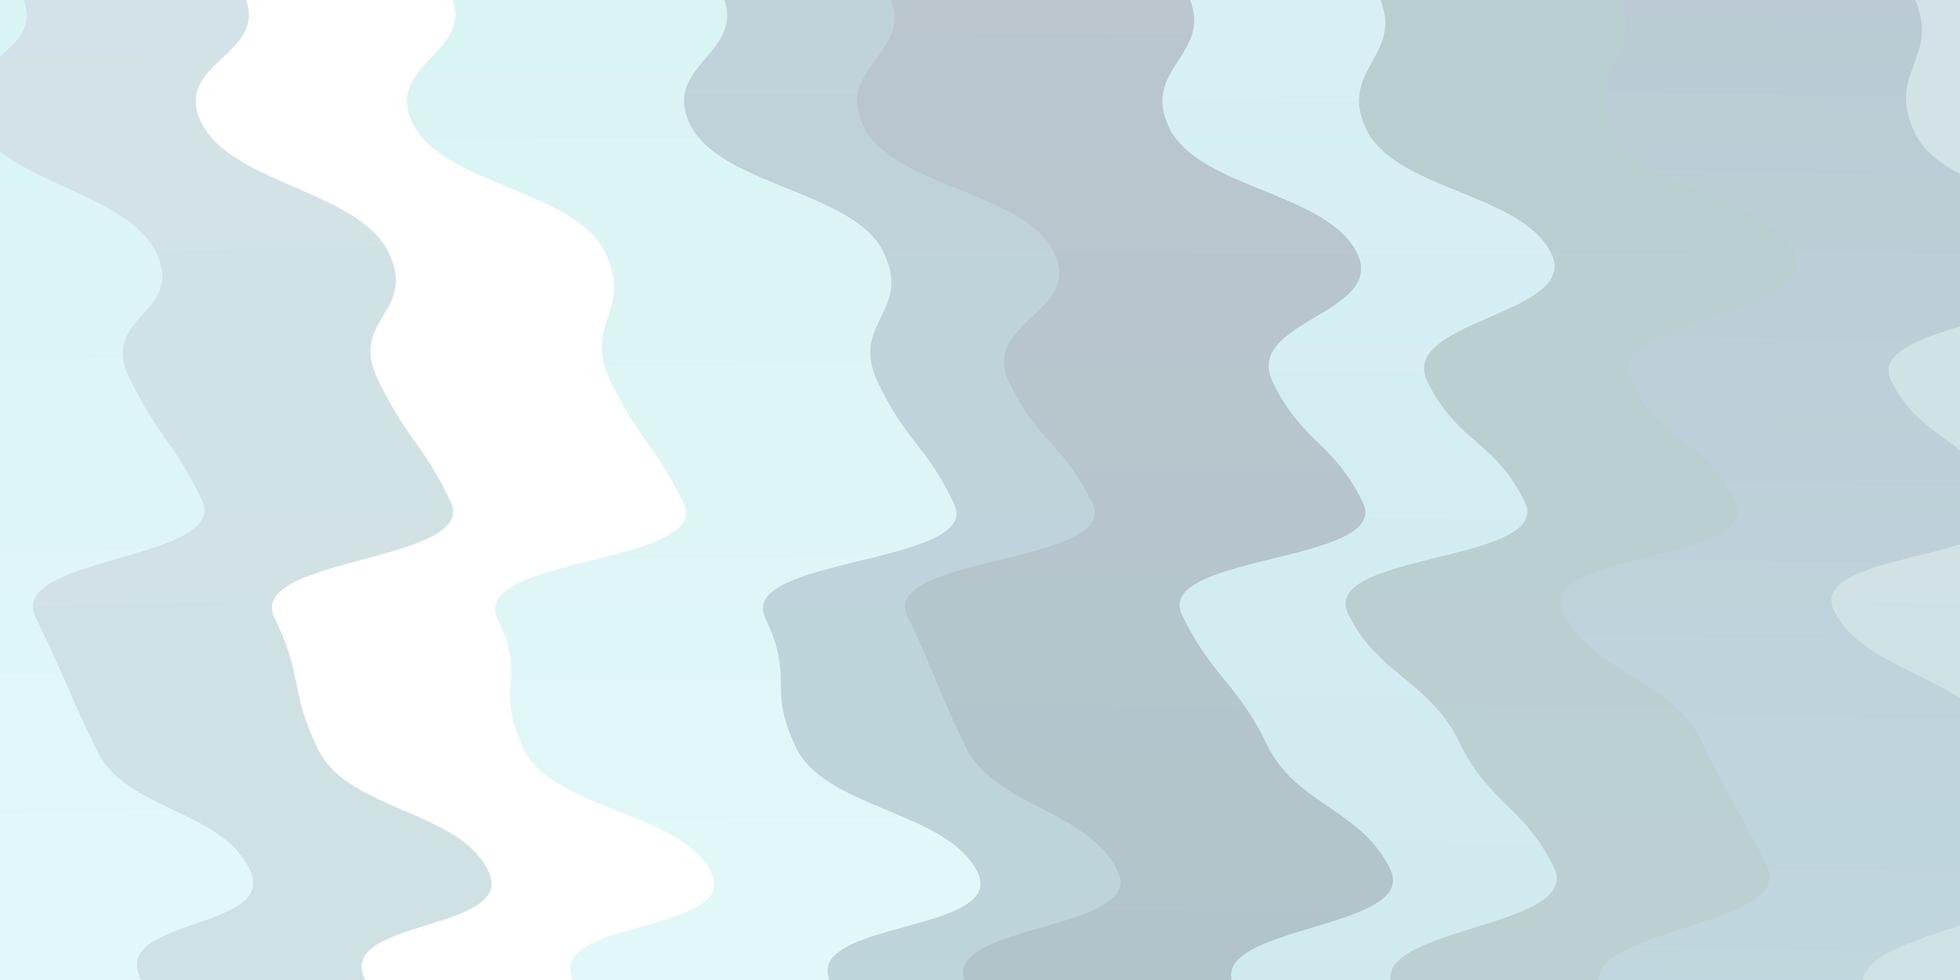 texture vecteur bleu clair avec des lignes tordues. illustration abstraite de dégradé avec des lignes tordues. conception pour la promotion de votre entreprise.
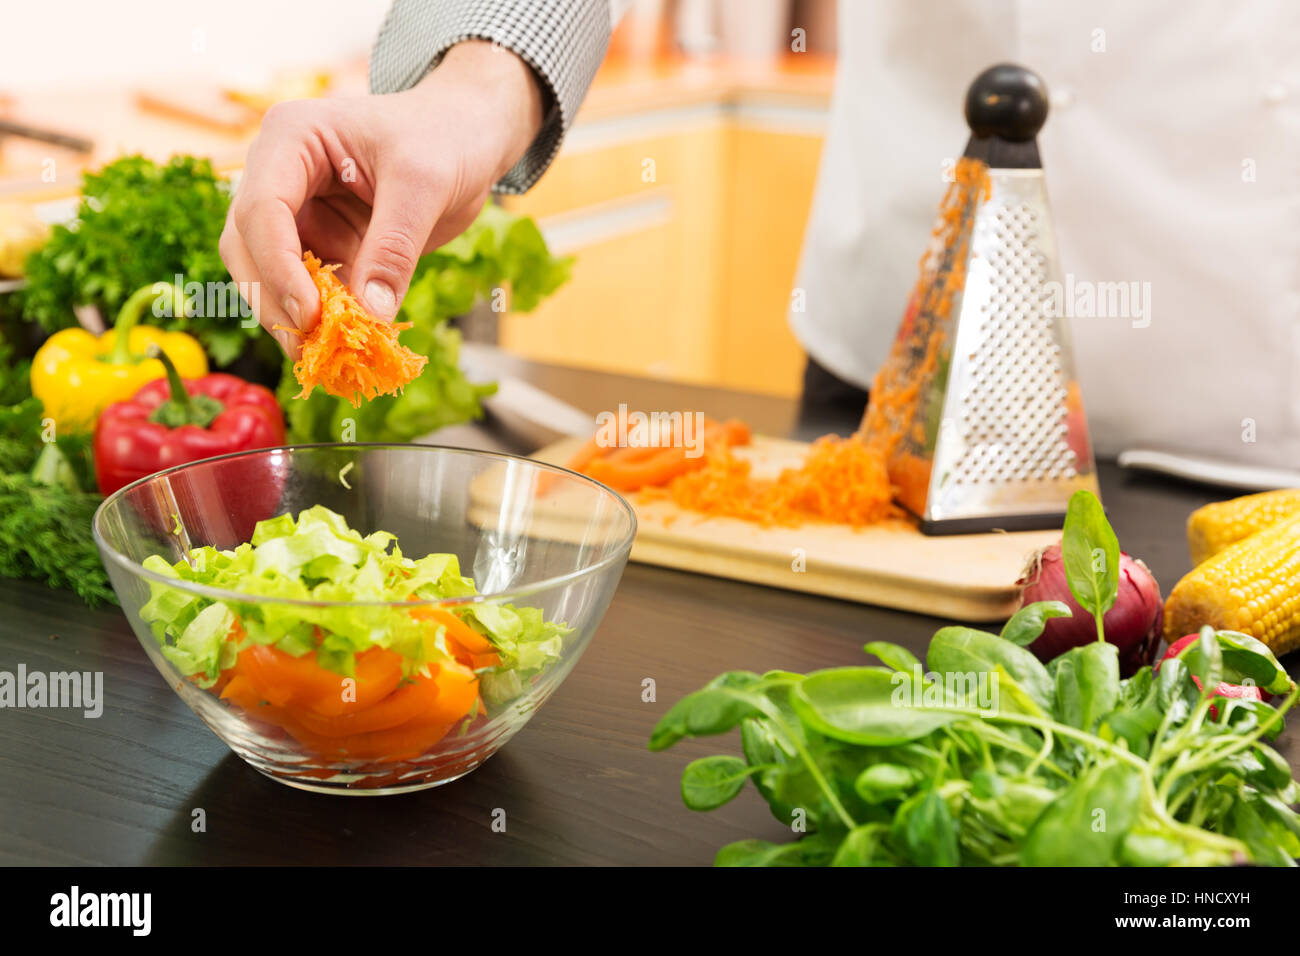 Nourriture vegan - préparer une salade de légumes avec des carottes râpées Banque D'Images
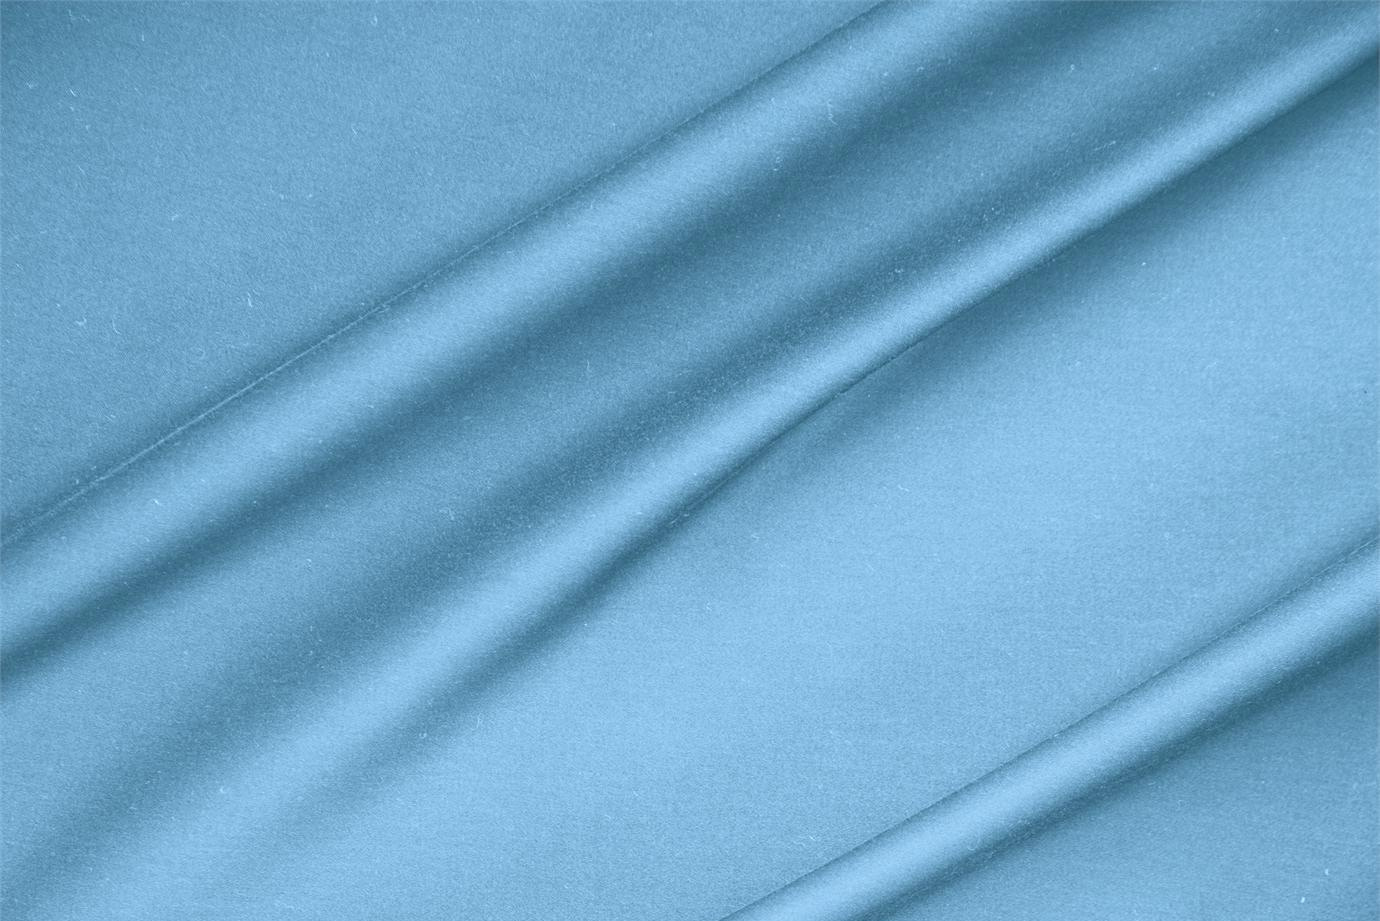 Tessuto Rasatello di Cotone Stretch Blu Turchese in Cotone, Stretch per Abbigliamento TC000253

### PROBLEM TO WORK ON
Leave the pictures out and return the rest of the material exactly.

### EXERCISE OUTPUT
 texture vecteur bleu clair avec des lignes tordues. illustration abstraite de dégradé avec des lignes tordues. conception pour la promotion de votre entreprise.
 Nourriture vegan - préparer une salade de légumes avec des carottes râpées Banque D'Images
 Tessuto Rasatello di Cotone Stretch Blu Turchese in Cotone, Stretch per Abbigliamento TC000253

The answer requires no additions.